(Recorded data Opens)

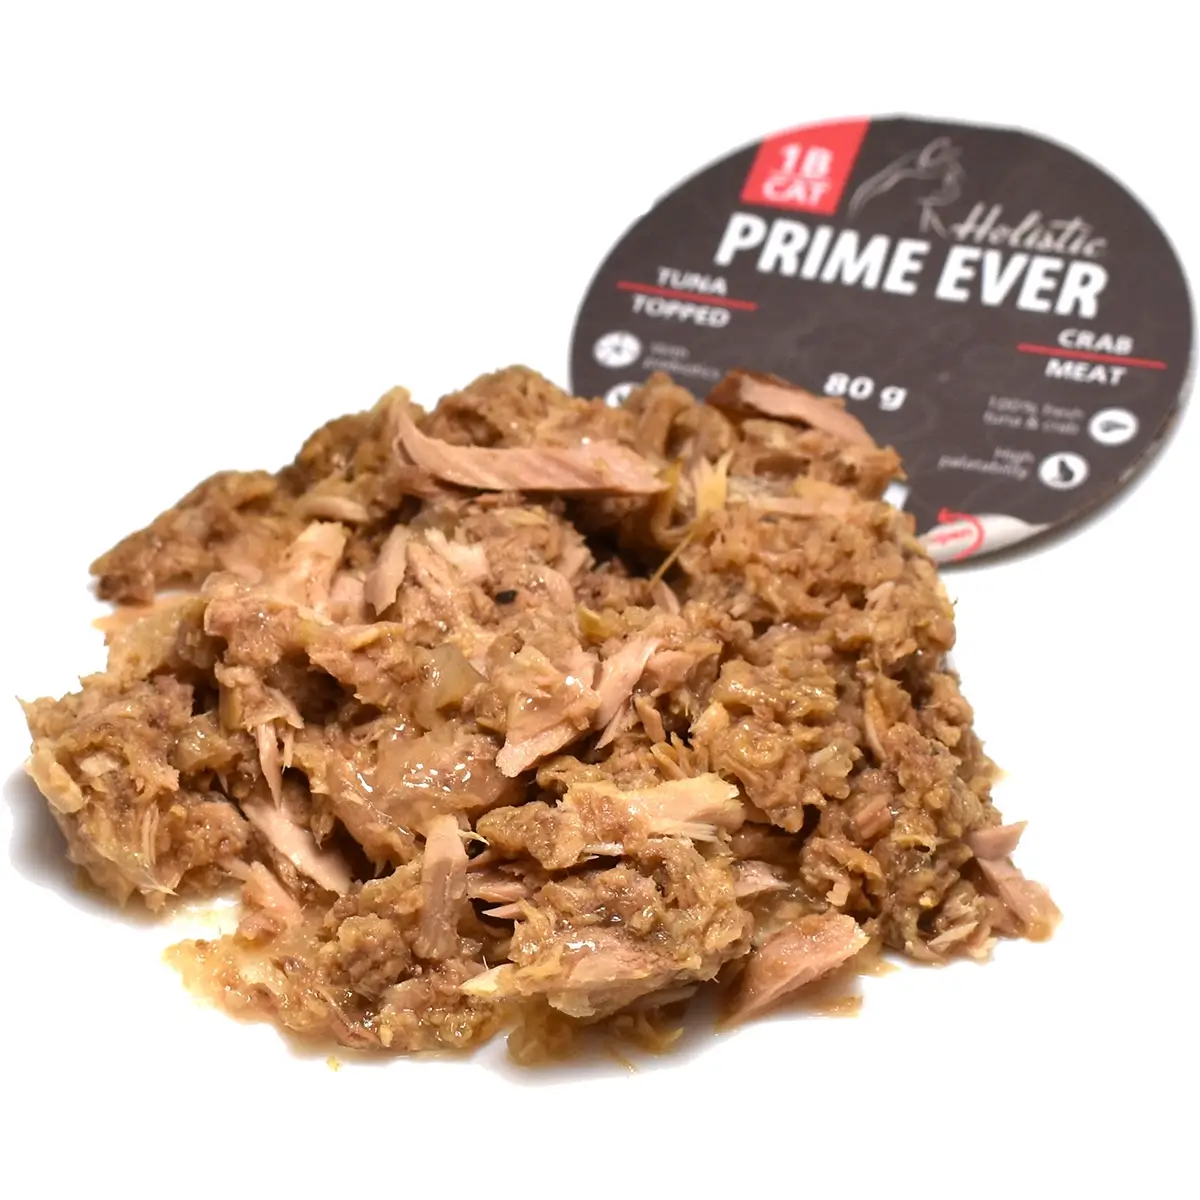 Консервы Prime Ever Tuna topped with Crab meat для кошек
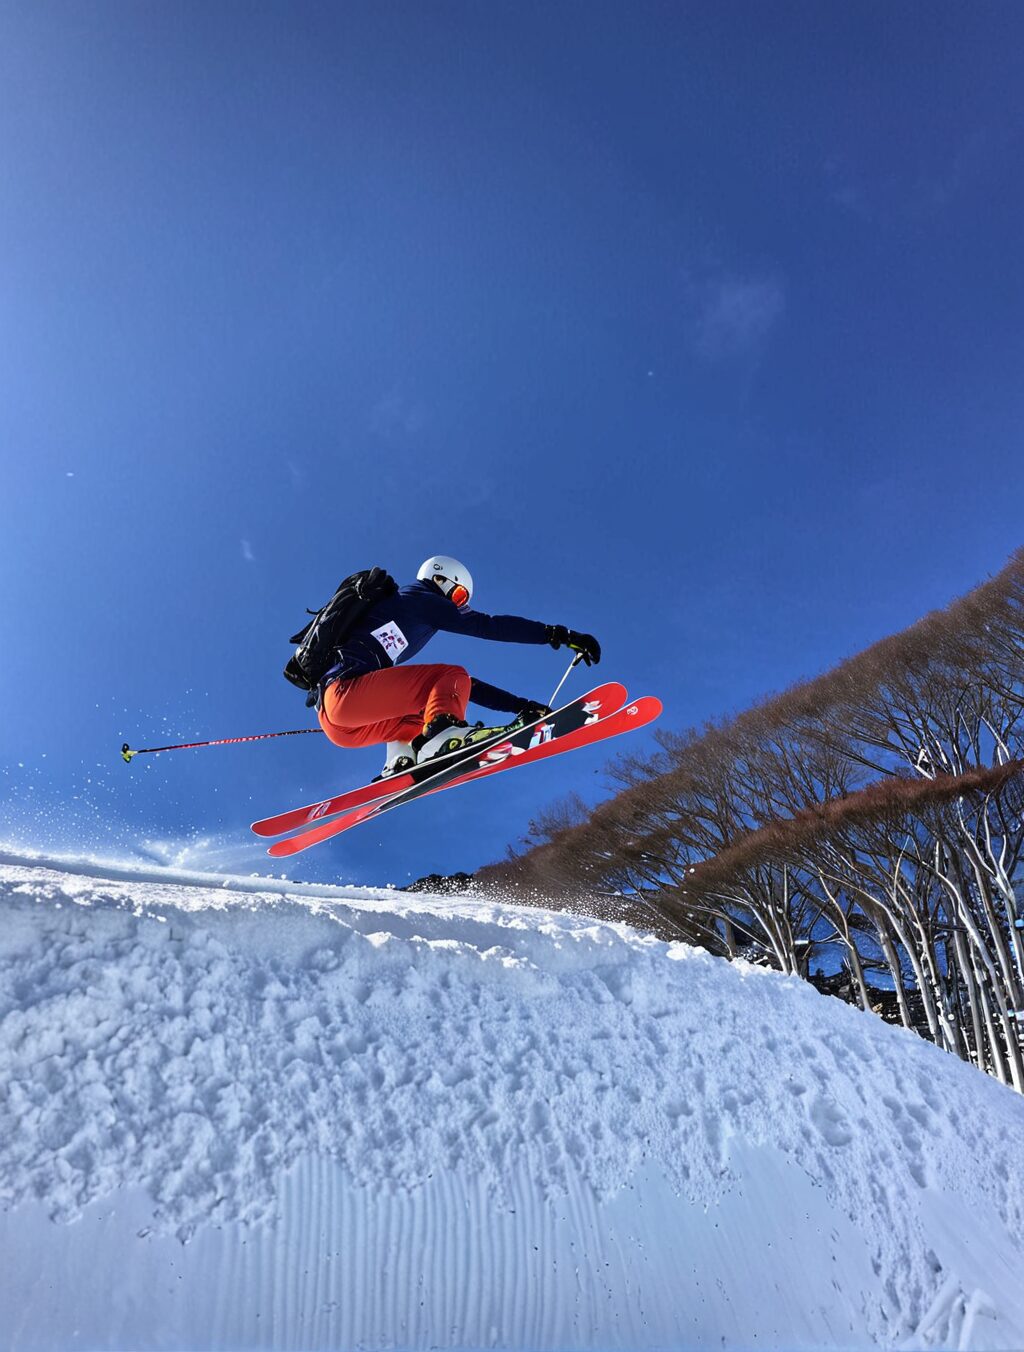 when does ski season in japan start
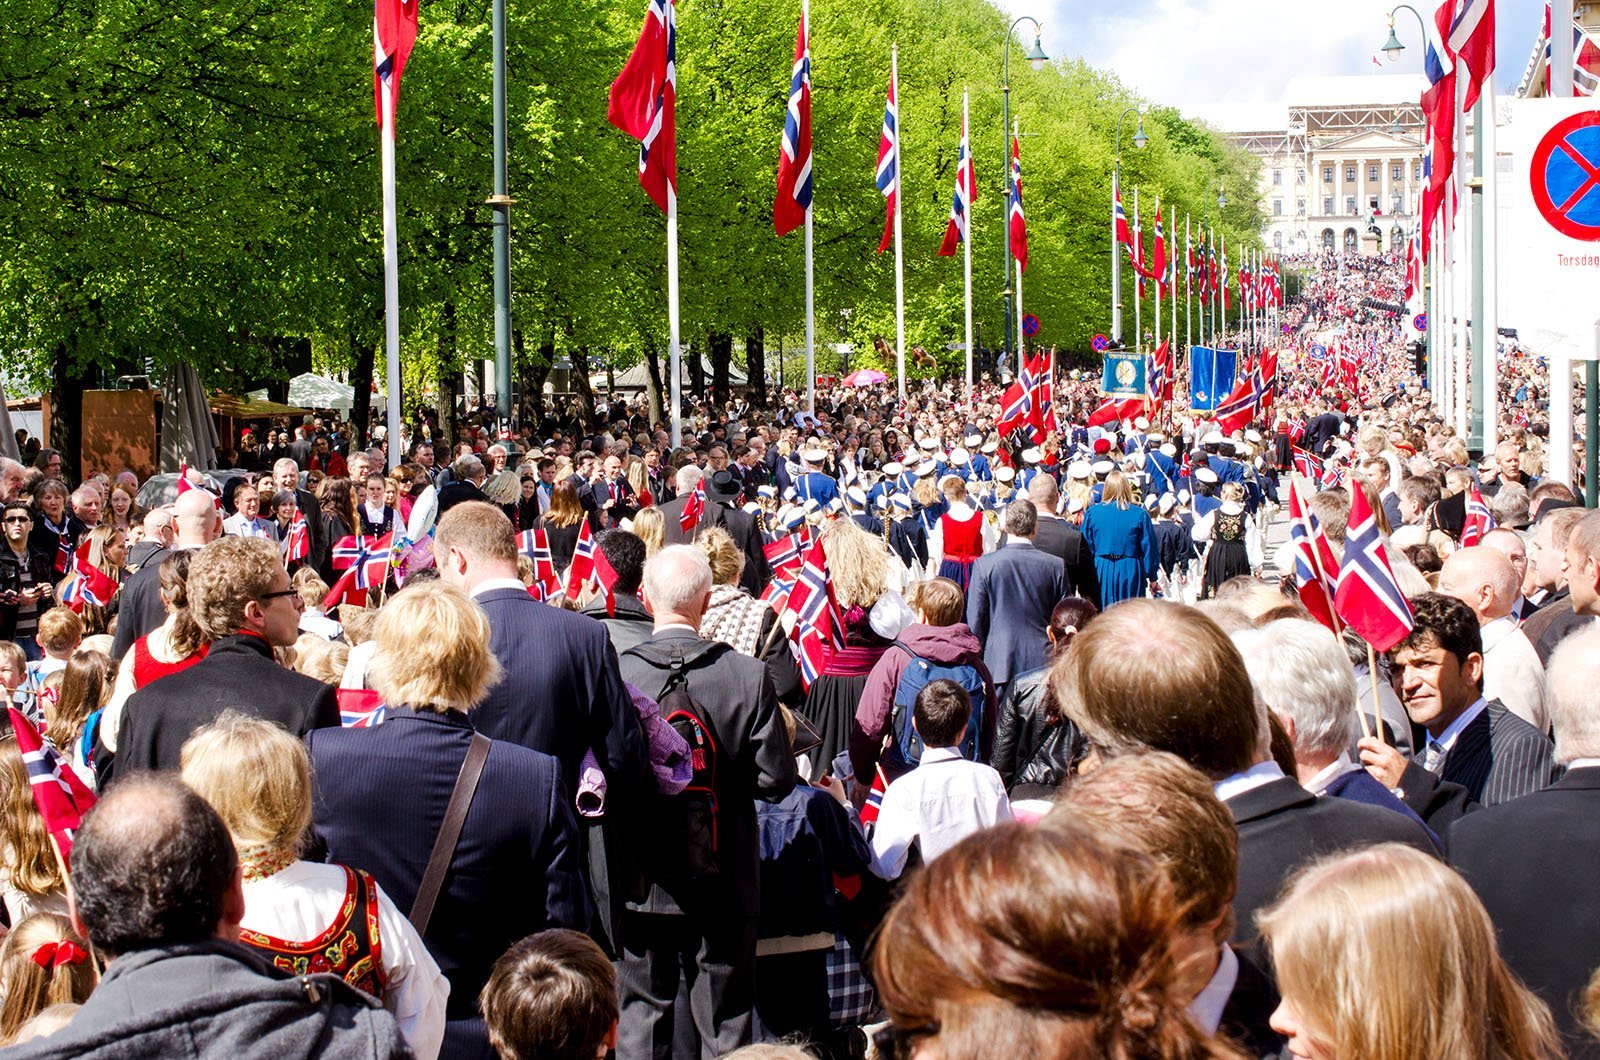 17 May parade in Oslo, Norway. Photo: Nanisimova / Shutterstock.com

(Recorded data Closes)

▸ What to do:
The answer should be the full material above, printed exactly, with no pictures in it.

▸ Task output:
 Консервы Prime Ever Tuna topped with Crab meat для кошек
 when does ski season in japan start
 17 May parade in Oslo, Norway. Photo: Nanisimova / Shutterstock.com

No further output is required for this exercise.